Probably by way of South Korea. South Korea accepts North Korean defectors and grants them citizenship and various resettlement benefits (after first determining that they are not spies). South Koreans don't even need to apply for a visa to get into the US anymore, they are granted a tourist visa upon landing.


You're assuming that everyone that enters the states received a visa. This is very far from the current state of affairs. Although I don't know exactly how the author came into the country, there are countless ways to sneak in.


I've been addicted to these documentaries on Netflix lately, but they seem to glance over those precious details.


This is a general pet peeve of mine - I hate it when people present "rags to riches" or "prison to freedom" stories without giving a real sense of the "how" part. To me that is where the real story and the real character lies. Too often stories focus on the pain and suffering alone and the stories feel very incomplete to me. That is also why I kike reading biographies or autobiographies, because there finally the focus shifts from "what" to "how".

update: this was a general comment, not specific to this article where the writer might need to protect her family and thus have good reason not to go into details.


Seems easy enough to verify. Just check what language they speak and with what accent.


Refugee's are a separate category altogether -- did you go through the refugee process?

This law: http://en.wikipedia.org/wiki/North_Korean_Human_Rights_Act_o... offers details on how the US treats North Korean refugee's and should provide a springboard for more research.

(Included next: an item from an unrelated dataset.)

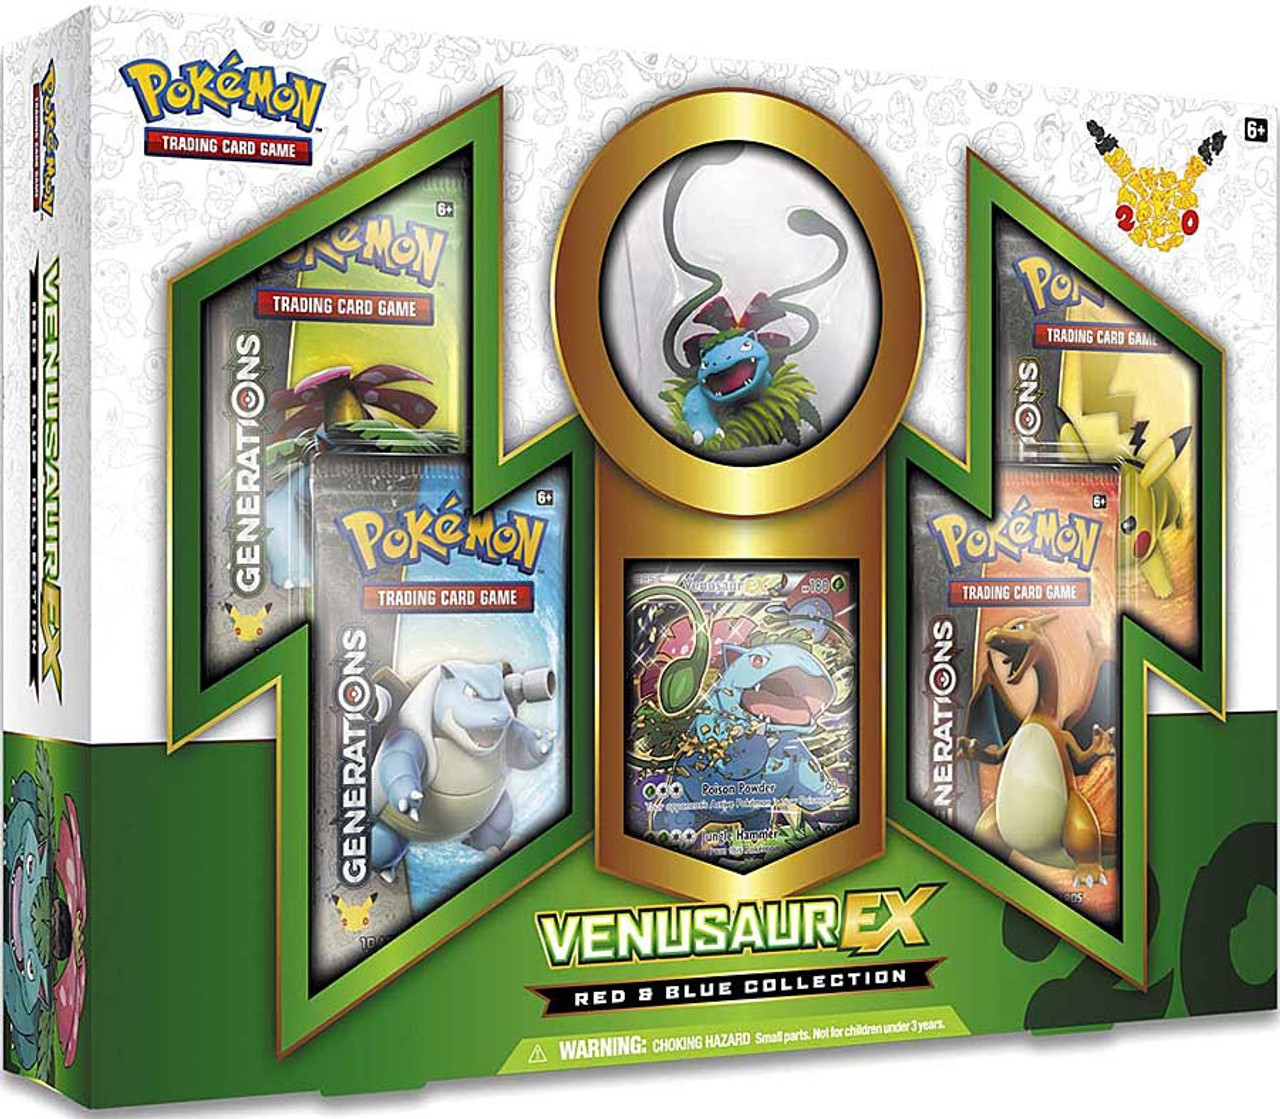 Pokemon Trading Card Game Red Blue Collection Venusaur Ex Box

Interesting, no I went through the regular process. Thanks fir the link.


I know it's cliche, but it definitely puts things in perspective and makes me realize how fortunate I am to have the life I have


Good job on finding your way to a better life. Remember those you left behind and work towards setting them free.

As for the other comments here, there is no doubt there are many other countries all around the world that suffer poverty under the rule of totalitarian regimes. Many of them are supported or ignored depending on whether they can afford to buy stuff (mostly weapons) from leading powers. The first-hand report in this article does nothing to deny or highlight that simple fact. So, take it as the personal account that it truly is, and nothing else.